If over-sharding technique is used, then adding nodes to the cluster is trivial. New nodes would just specify which shards they want to handle – every node in sensei.properties indicates partitions it should handle, e.g., sensei.node.partitions=1,3,8

If using sharding strategy where data migration is not needed as new data is flowing into the system, e.g., sharding by time or consecutive UID, then expanding the cluster is also trivial.

If such sharding strategy requires data migration, e.g. mod based sharding. Then cluster rebalancing is required. This is coming in a future release, where we already have designs for online data rebalancing.  For now, one has to reindex all data in order to reshard and rebalance.

Since Sensei is an eventually consistent system, how does one insure the search client gets consistent results (e.g. when paging through results or filtering results with facets)?

On the Sensei request object, there is a routing parameter.

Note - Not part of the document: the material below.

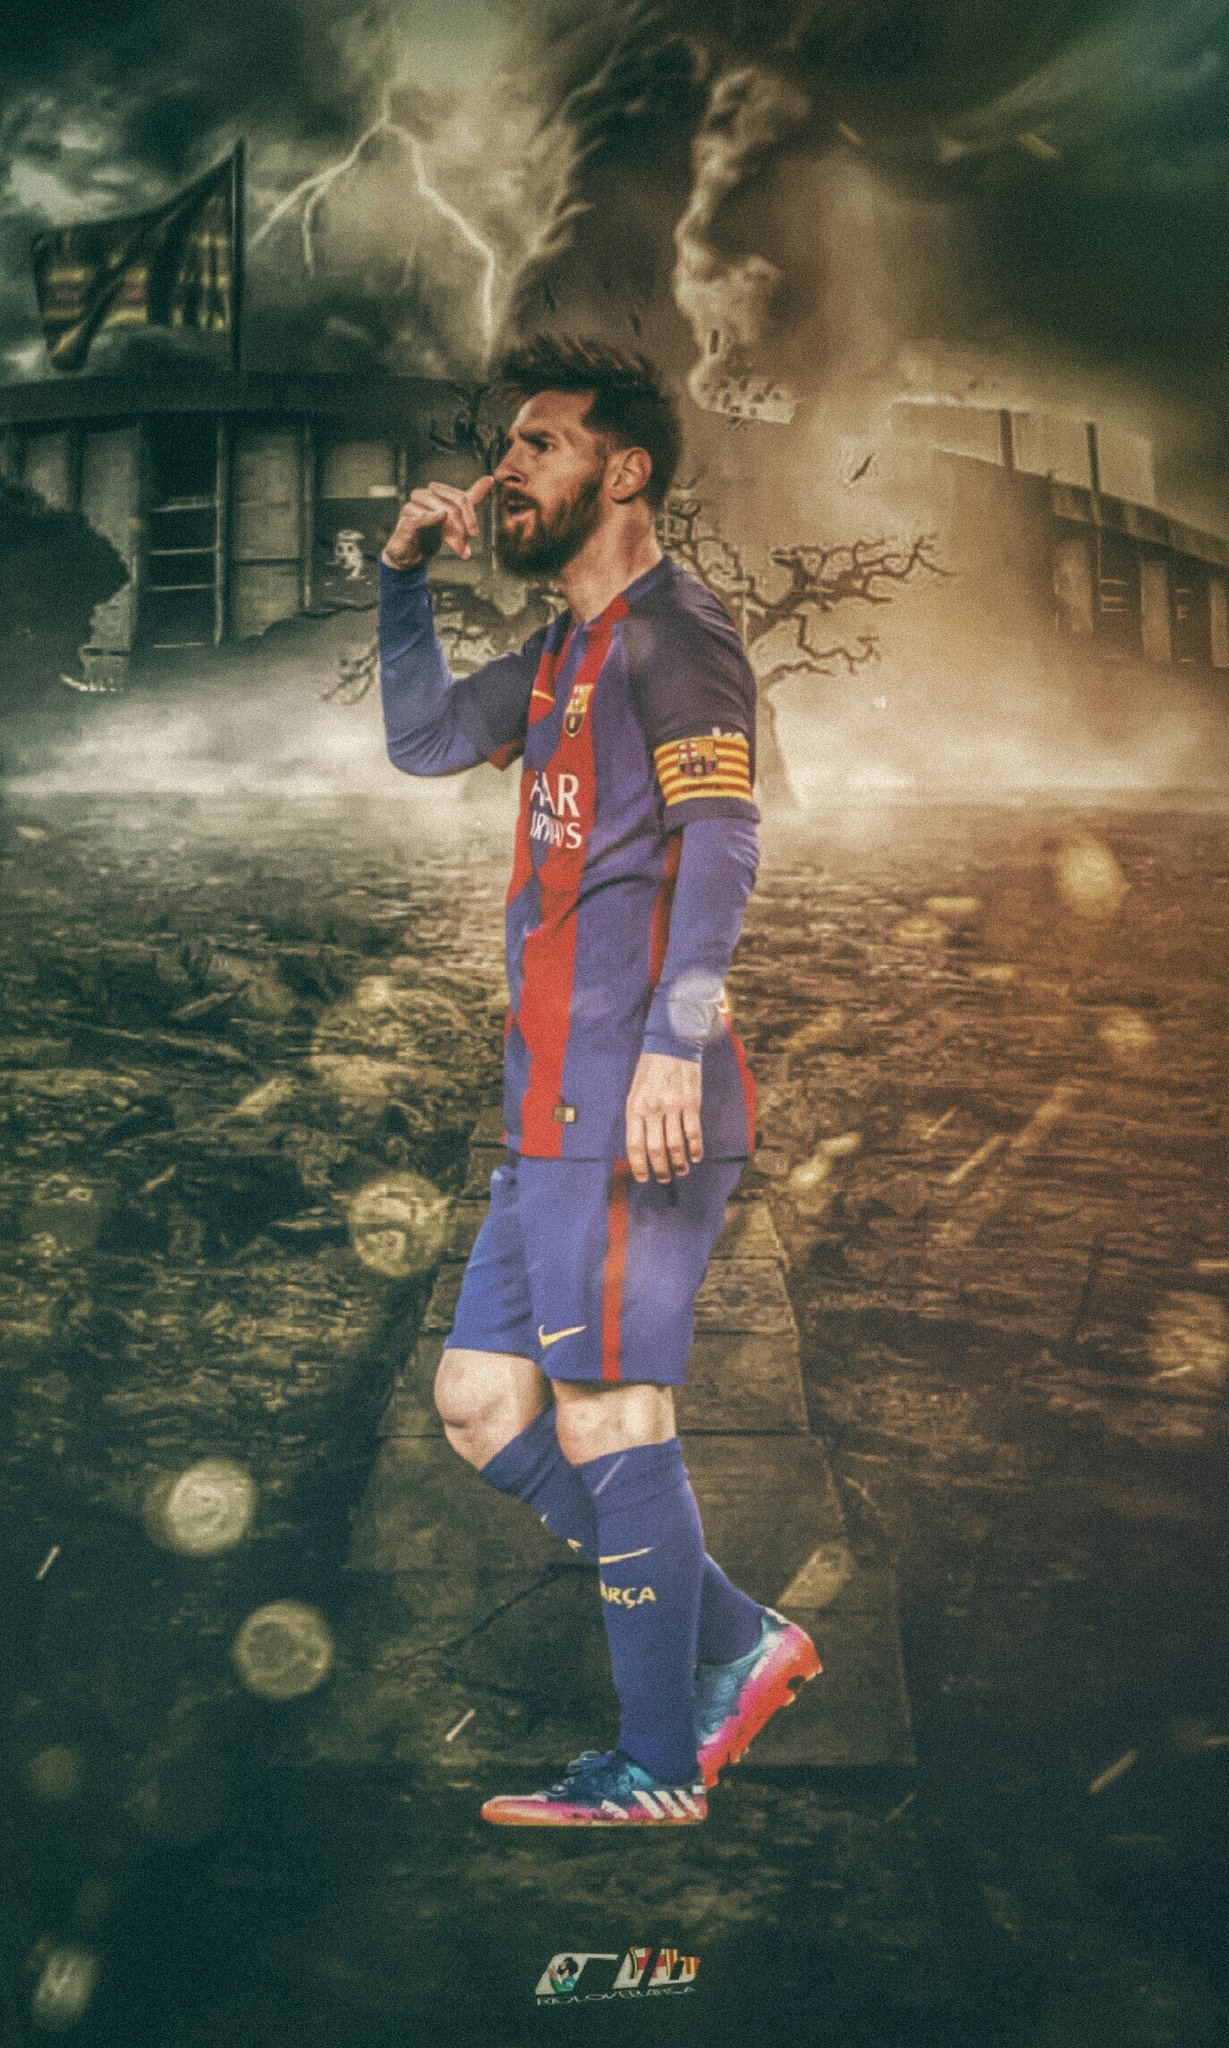 IG: @mediacules_ on Twitter: "Wallpaper: Lionel Messi. [by @riolovebarca] https://t.co/AGGAssKWSC"

Typically this routing parameter is set to the value of the search session. By default, Sensei applies consistent hashing on the routing parameter to make sure the same replica is used for queries with the same routing parameter or search session.

How does one upgrade Sensei? Can one perform an online upgrade of a Sensei cluster without shutting down the whole cluster? Are new versions of Sensei backwards compatible?

Yes, subsets of the cluster can be shut down, and dynamic routing via Zookeeper would take place. This is very useful when we are pushing out new builds in canary mode to ensure stability and compatibility.

Does Sensei require a schema or is it schemaless?

Sensei requires a schema. But we do have plans to make Sensei schema dynamic like ElasticSearch.

Does Sensei have support for things like Spatial Search, Function Queries, Parent-Child data, or JOIN?

We have in the works a relevance toolkit which should cover features of Solr’s Function Queries.

We also have plans to support Spatial Search and Parent-Child data.

We don’t have immediate plans to support Joins.

How does one talk to Sensei?  Are there existing client libraries?

The Sensei cluster exposes 2 rest end-points: REST/JSON and BQL.
The packaging also include Java and Python clients, (also Ruby if resourcing works out), along with JavaScript helpers for using the REST/JSON API in a web application.

Does Sensei have an administrative/management UI?

Sensei comes with a web application for helping with building queries against the cluster. We use it to tweak relevance models as well as instrumenting an online cluster.

JMX is also exposed to administer the cluster.

In the configuration users can turn on other types of data reporting to other clusters, e.g. RRD, log etc.

Big thank you to John and his team for releasing and open-sourcing Sensei and for taking the time to answer all our questions.